BEGIN
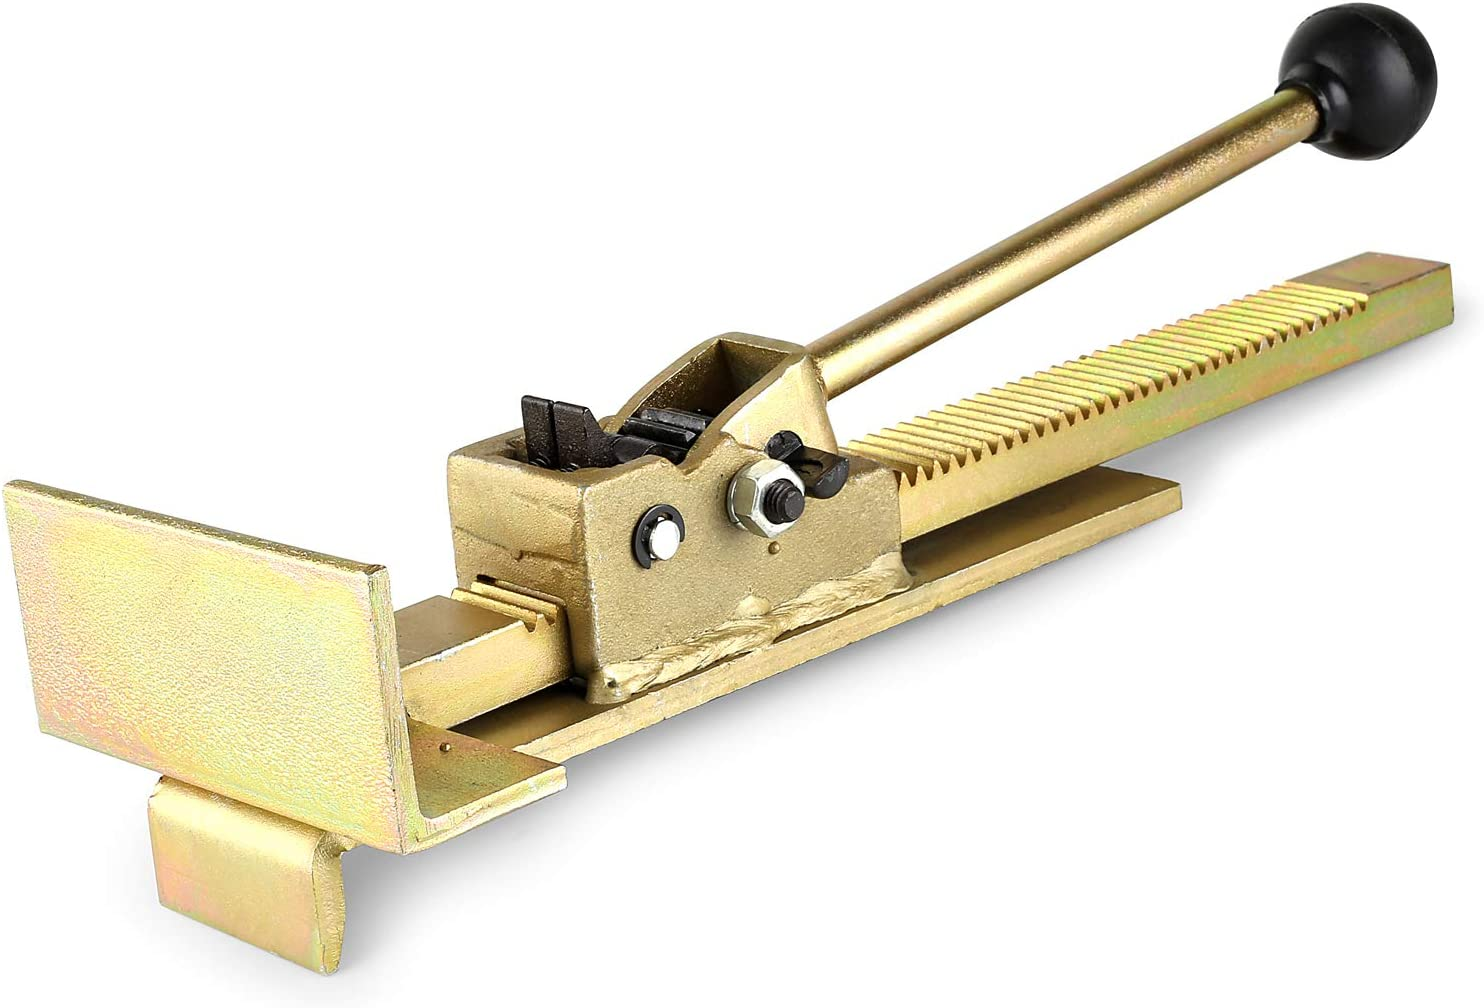 Professional Flooring Jack Install Hard Wood Straight Tile Contractor Hand Tool
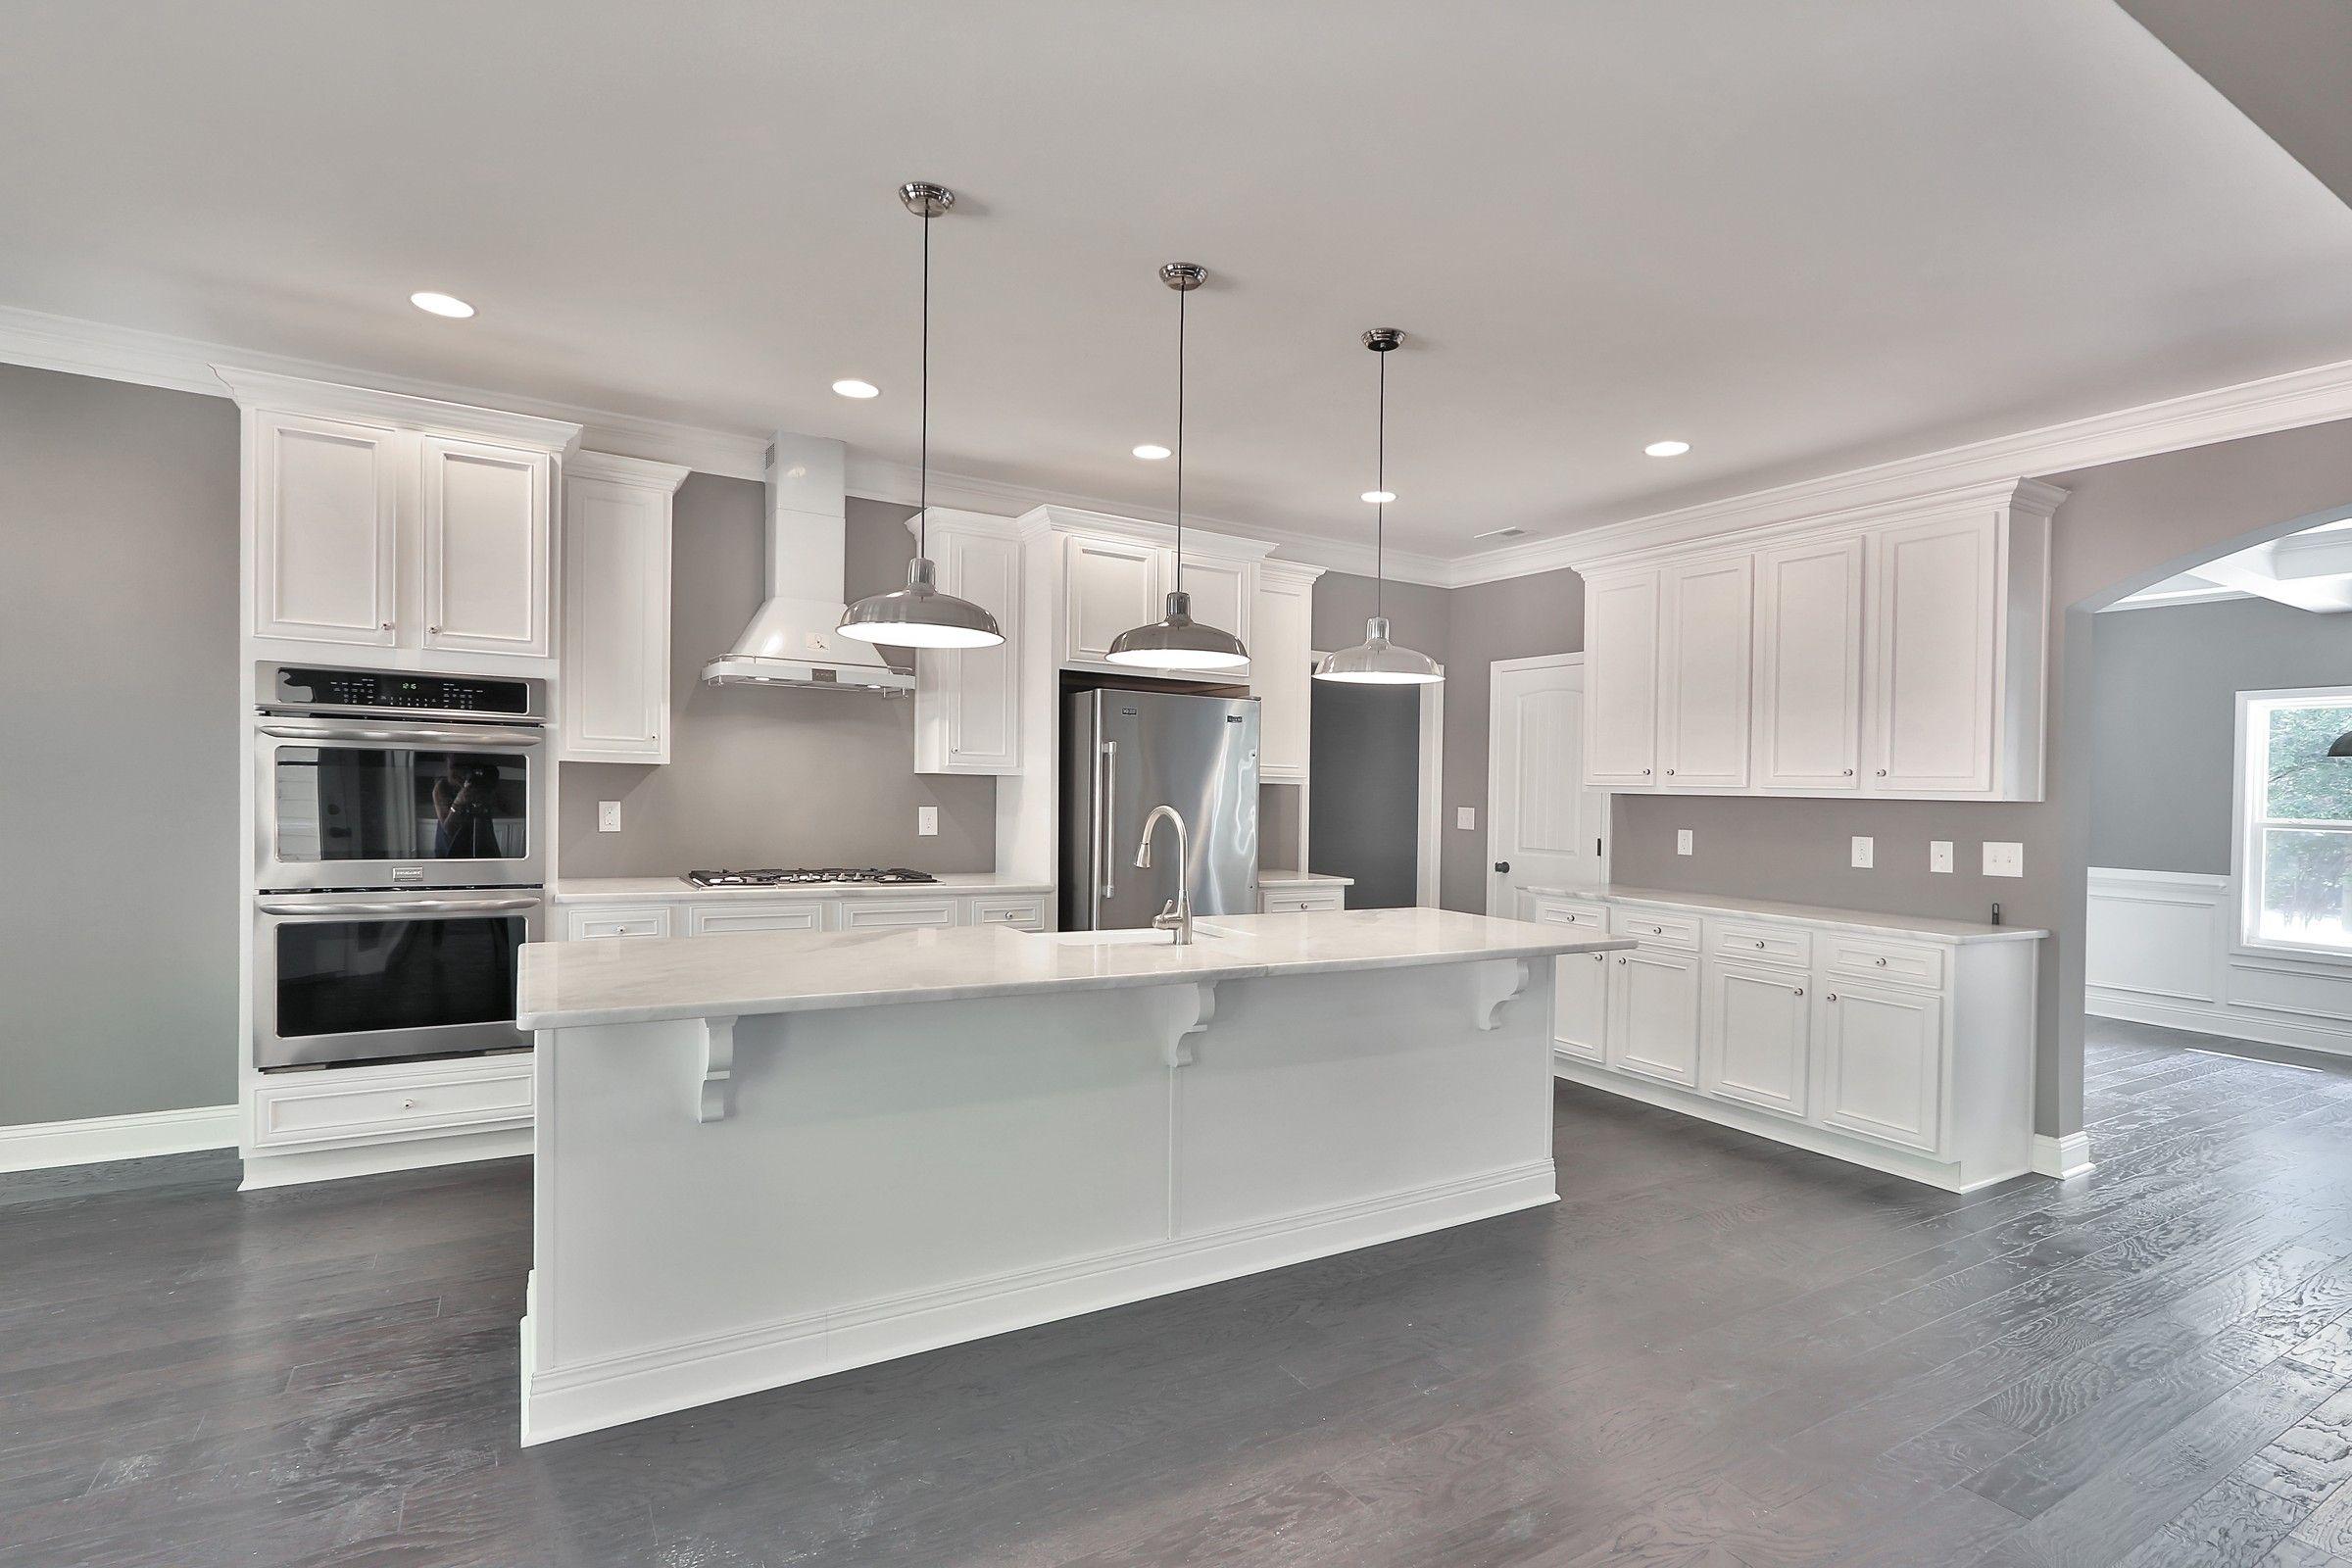 Plan 36061dk Bright And Airy Craftsman House Plan White Kitchen
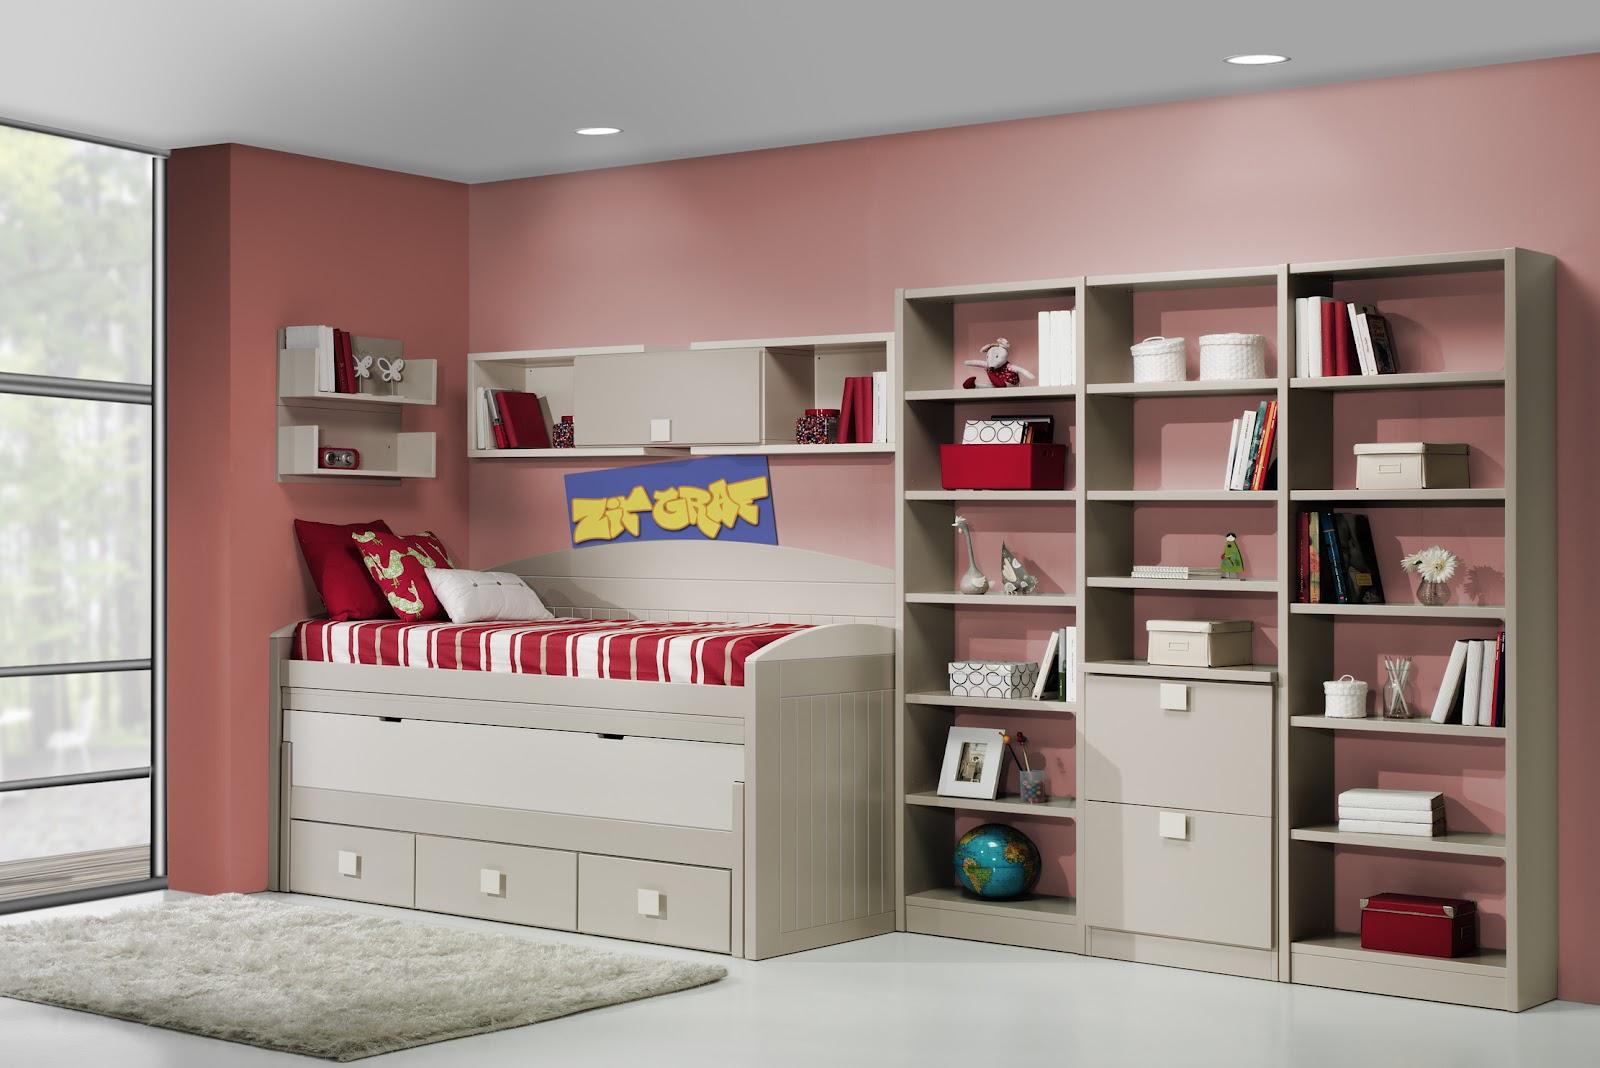 Dormitorios habitaciones juveniles e infantiles lacadas for Colores para recamaras juveniles
END
* _Work to be completed_
Quote everything in the listing above exactly; pictures are the only thing to omit.

* _Answer below_
 Professional Flooring Jack Install Hard Wood Straight Tile Contractor Hand Tool
 Plan 36061dk Bright And Airy Craftsman House Plan White Kitchen
 Dormitorios habitaciones juveniles e infantiles lacadas for Colores para recamaras juveniles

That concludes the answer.